Activity: Your response to the data below should hold nothing except the lines from the one containing "Un tesoro, cofre" down to the one containing "Lululemon Seva Merino", reproduced exactly and without pictures.

Records to process:
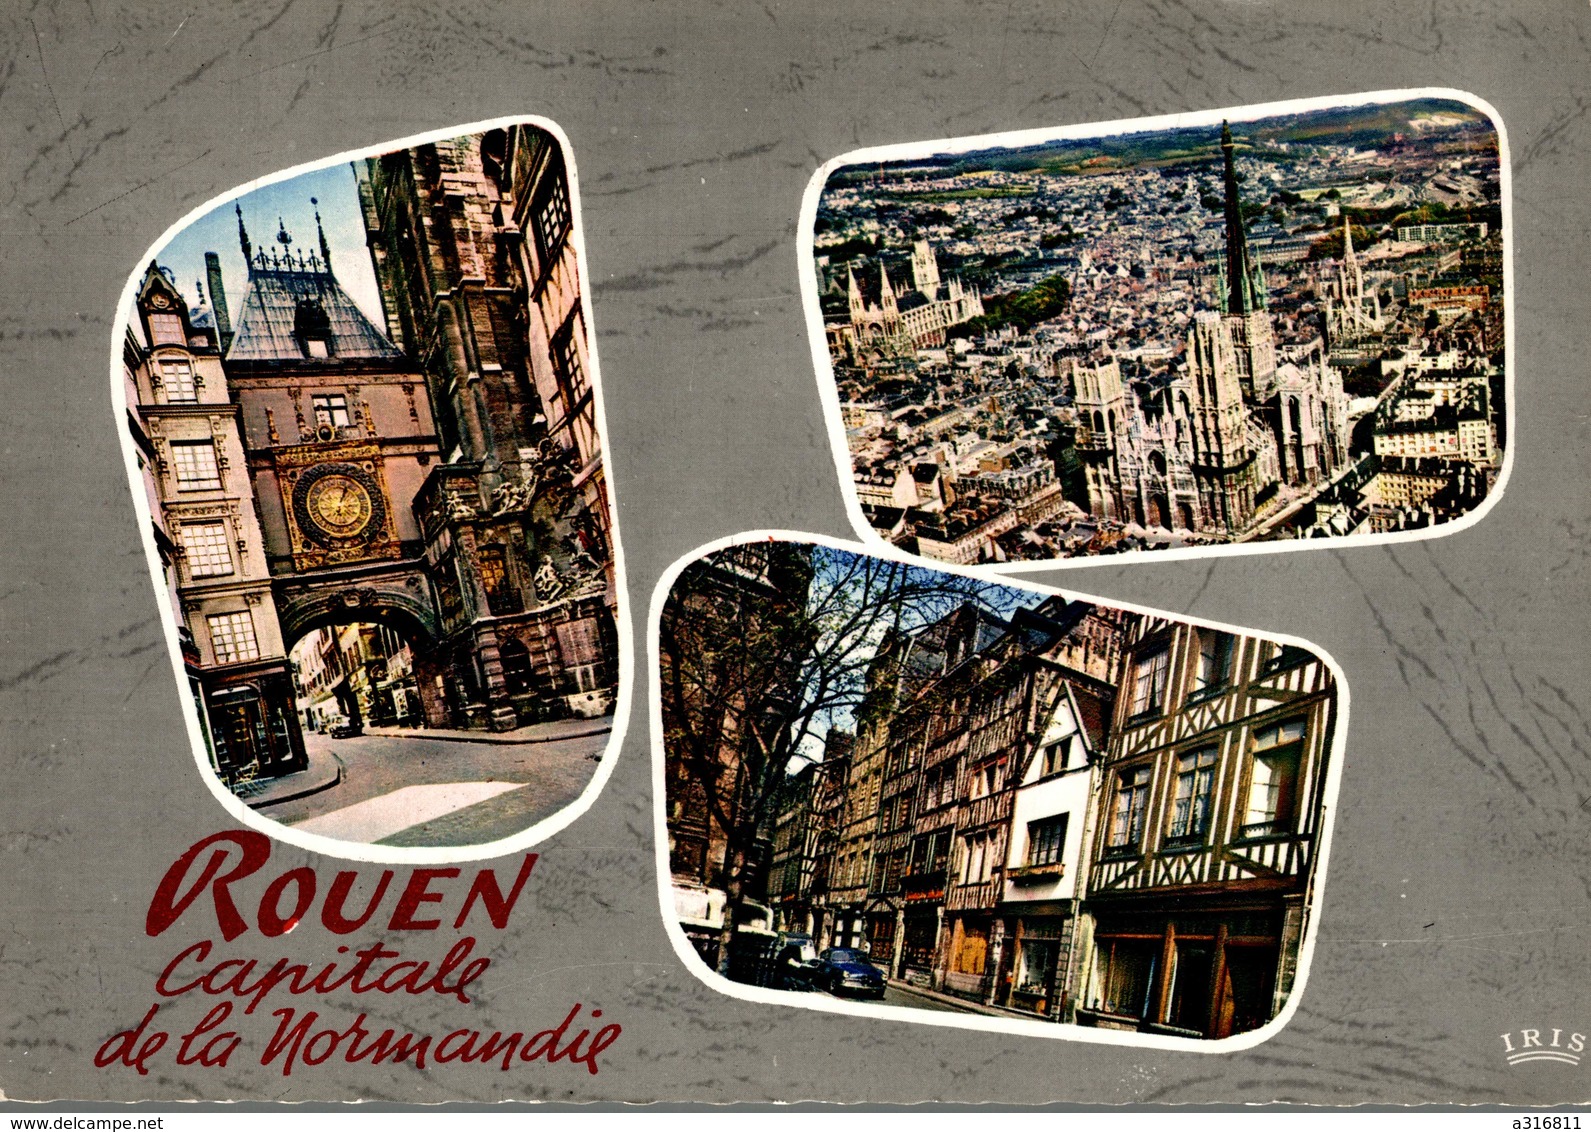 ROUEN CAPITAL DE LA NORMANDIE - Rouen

==

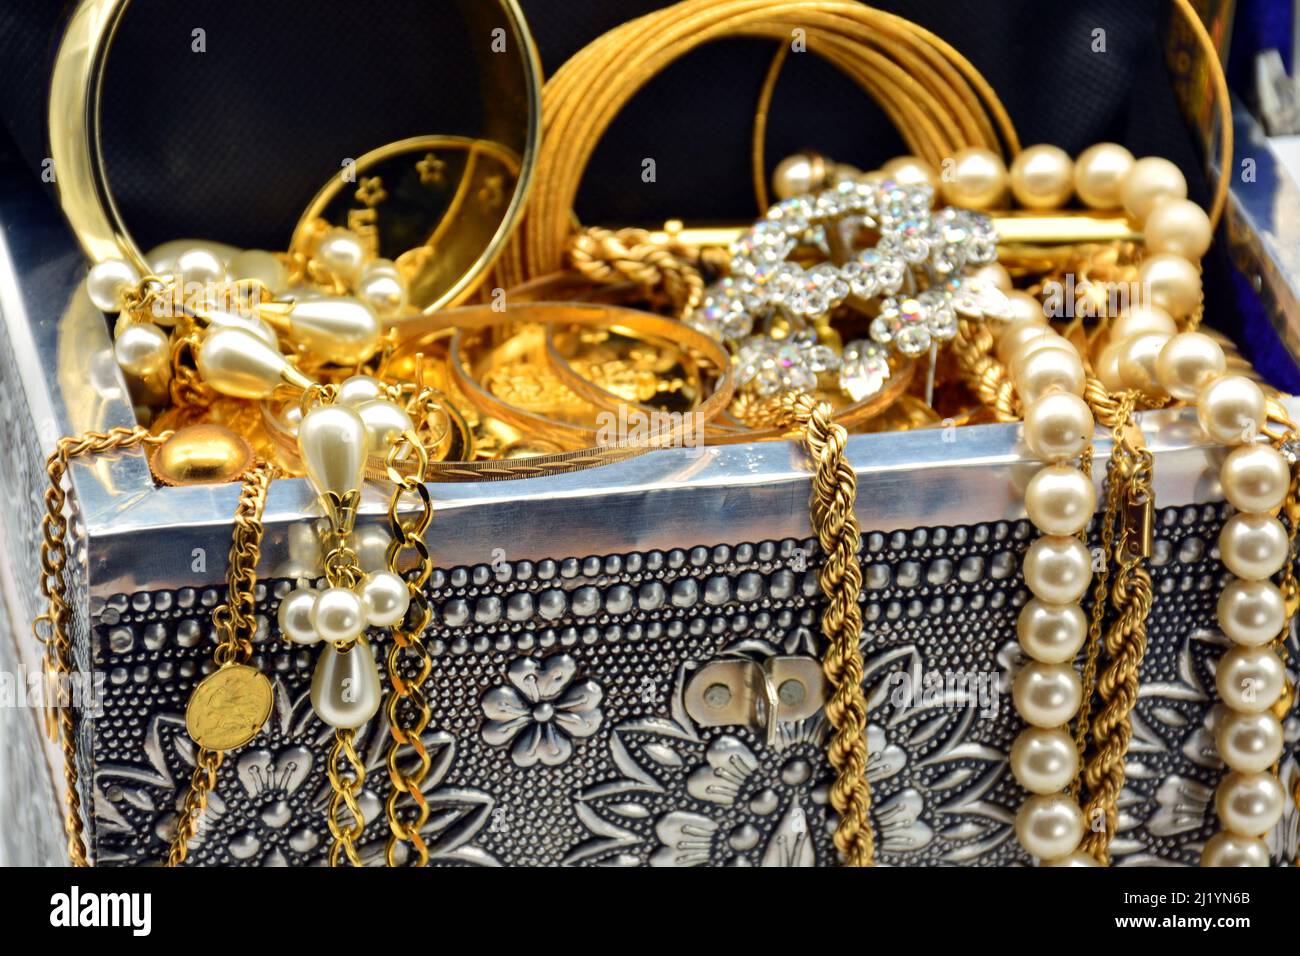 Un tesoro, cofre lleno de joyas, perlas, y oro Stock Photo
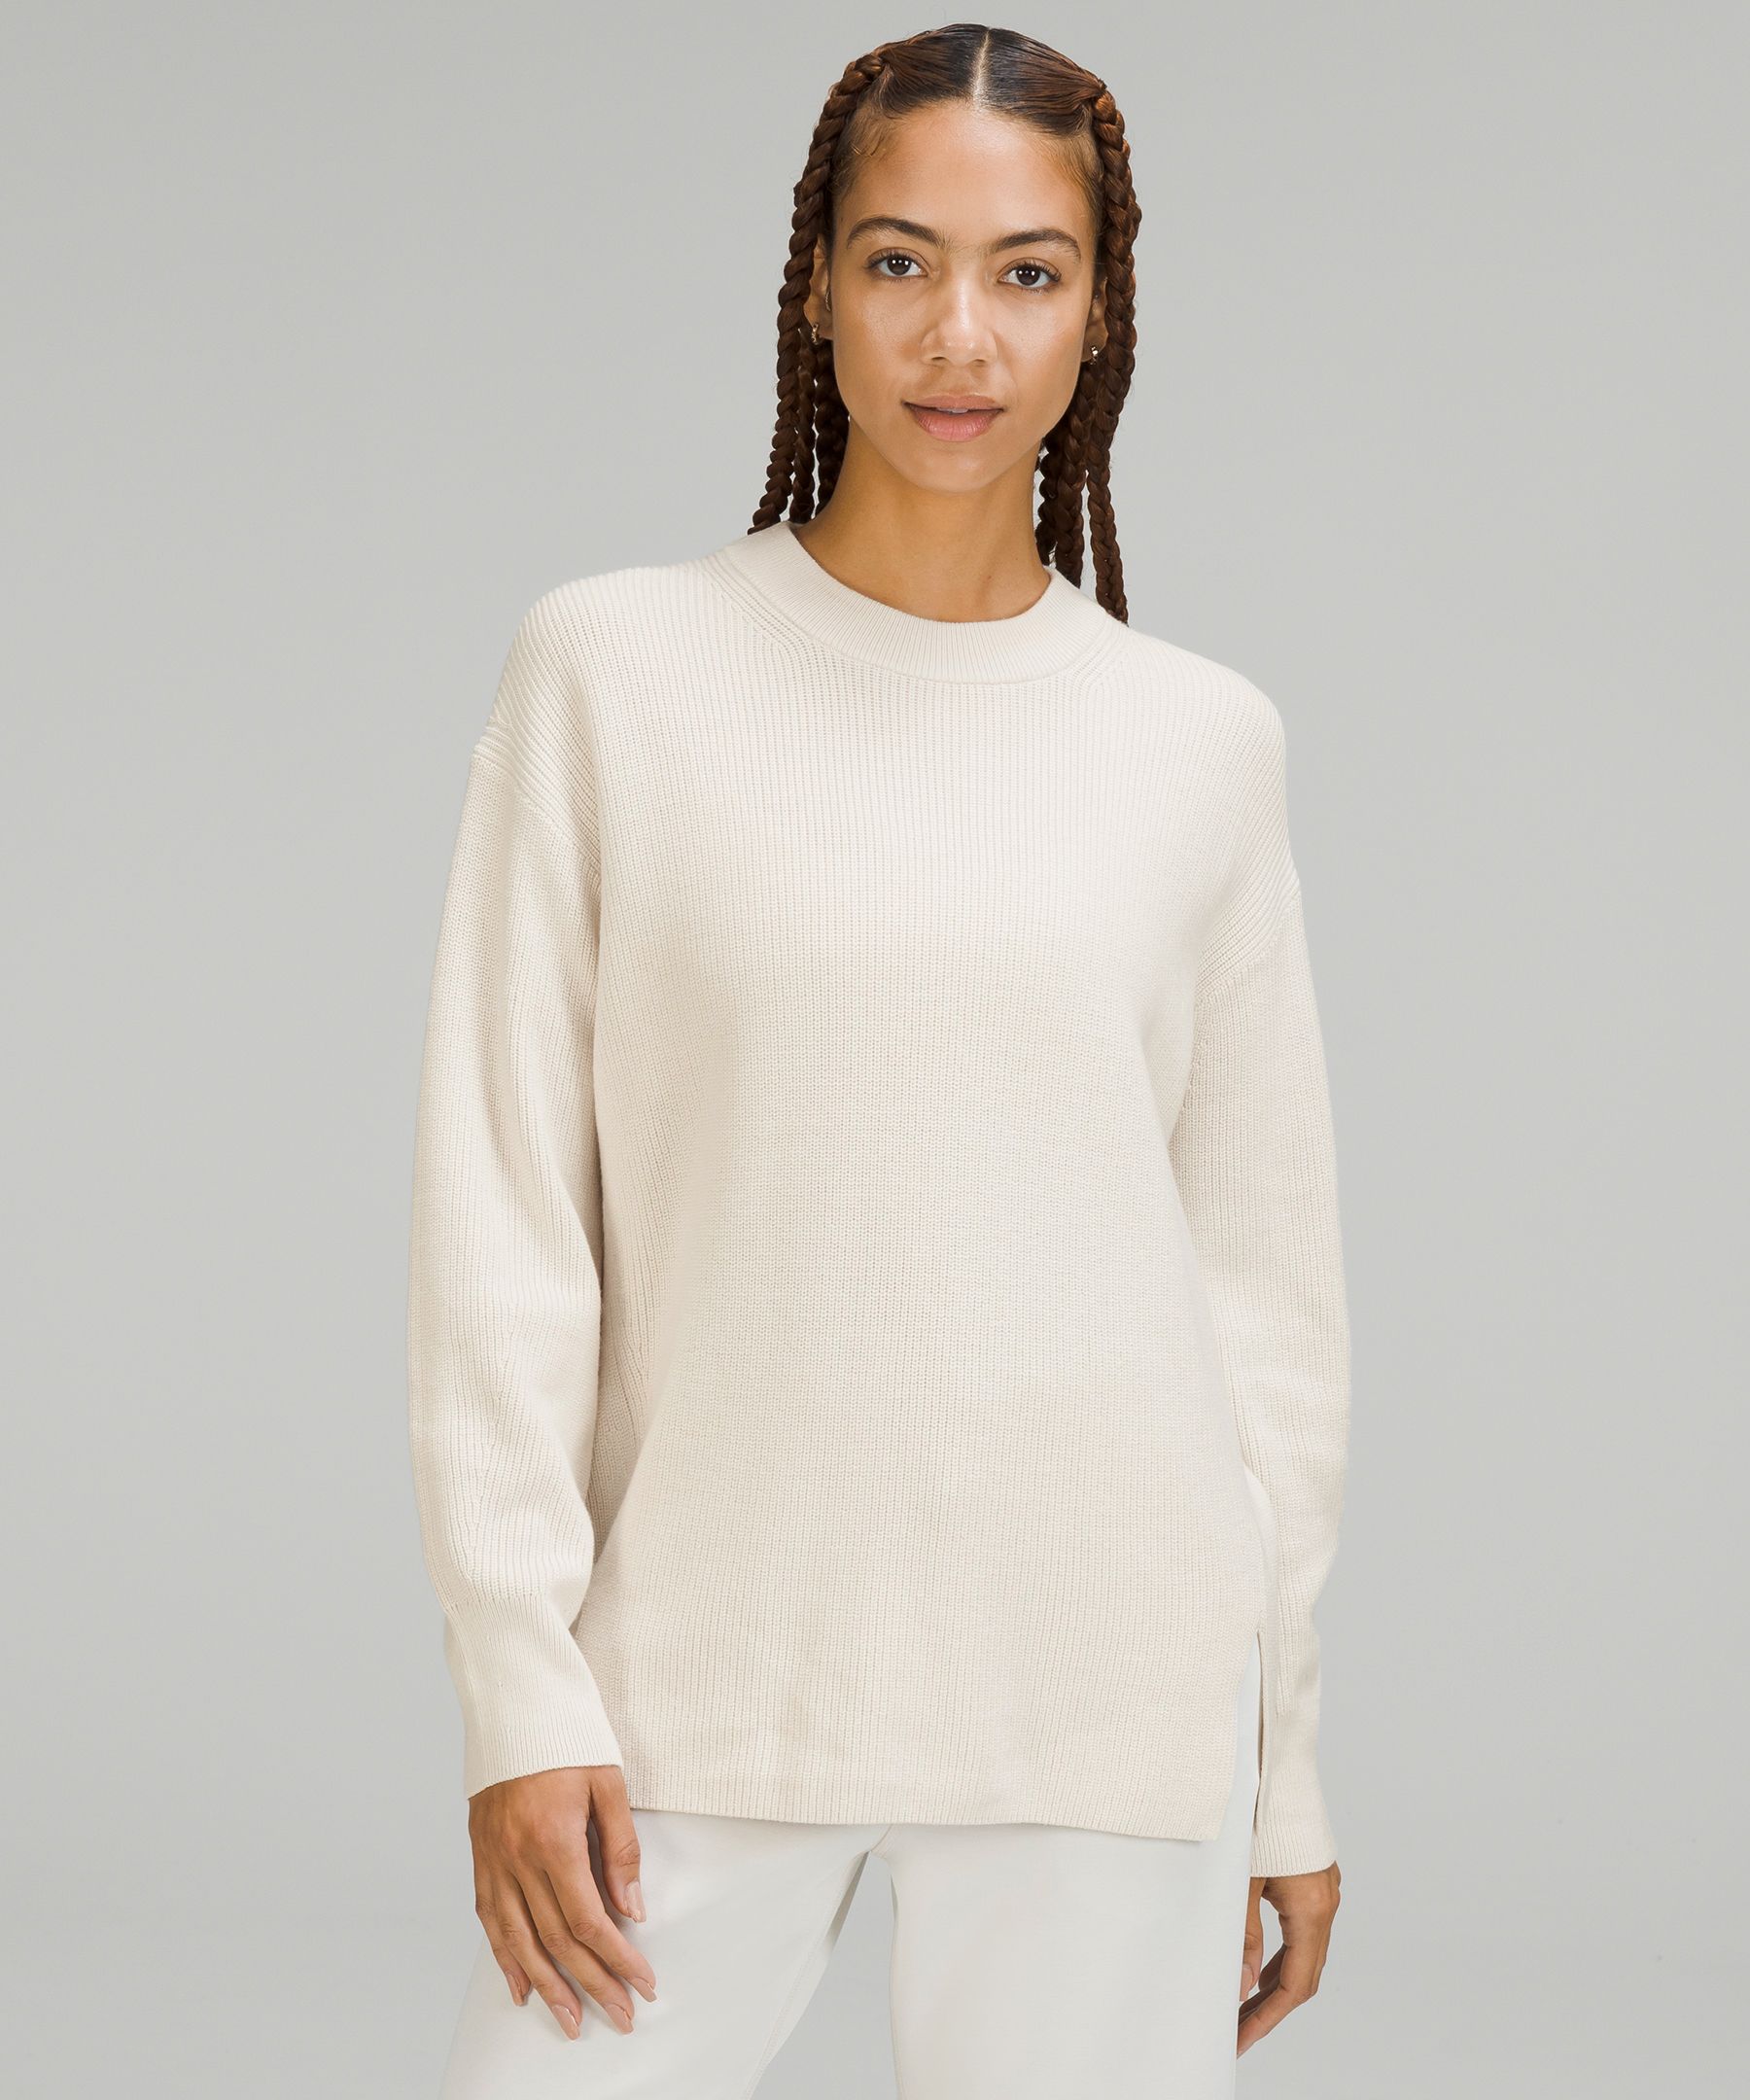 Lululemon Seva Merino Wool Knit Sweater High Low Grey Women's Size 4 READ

...

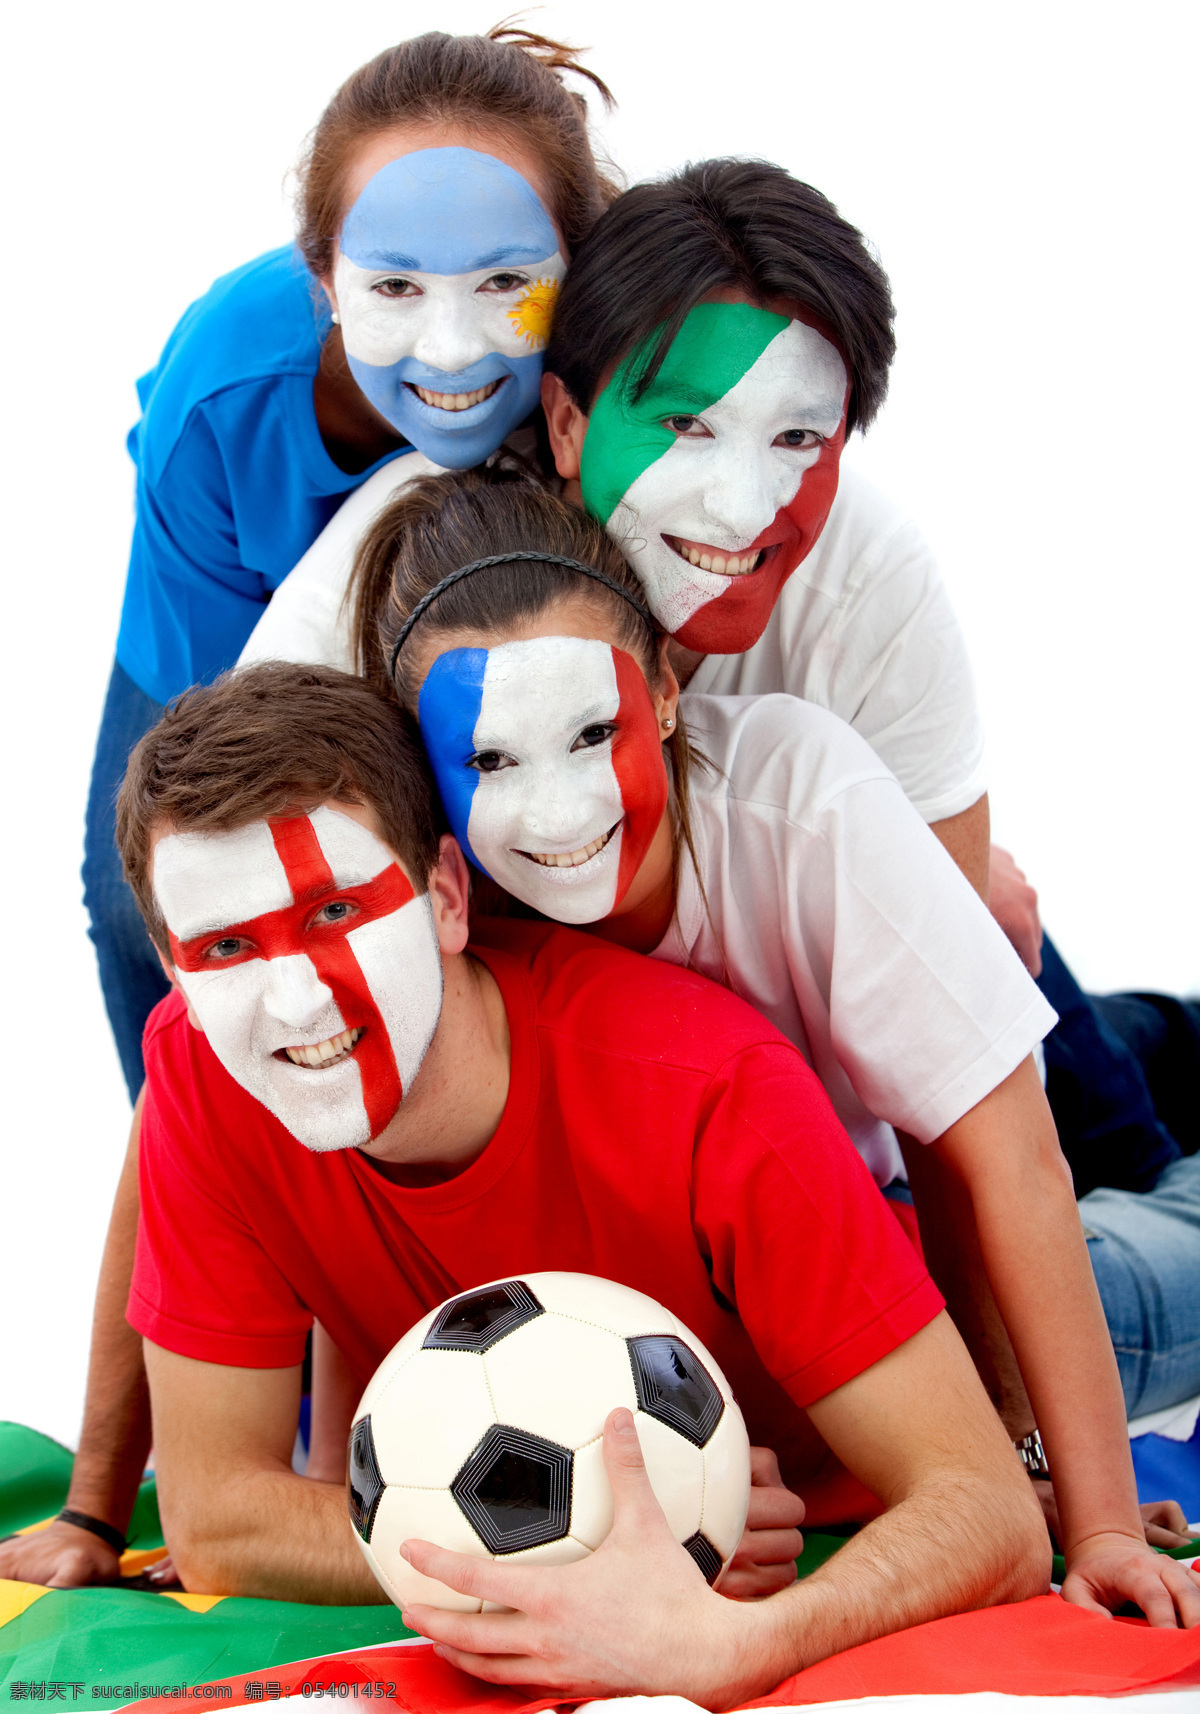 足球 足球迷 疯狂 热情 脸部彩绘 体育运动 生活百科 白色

Response to the task:
 Un tesoro, cofre lleno de joyas, perlas, y oro Stock Photo
 Lululemon Seva Merino Wool Knit Sweater High Low Grey Women's Size 4 READ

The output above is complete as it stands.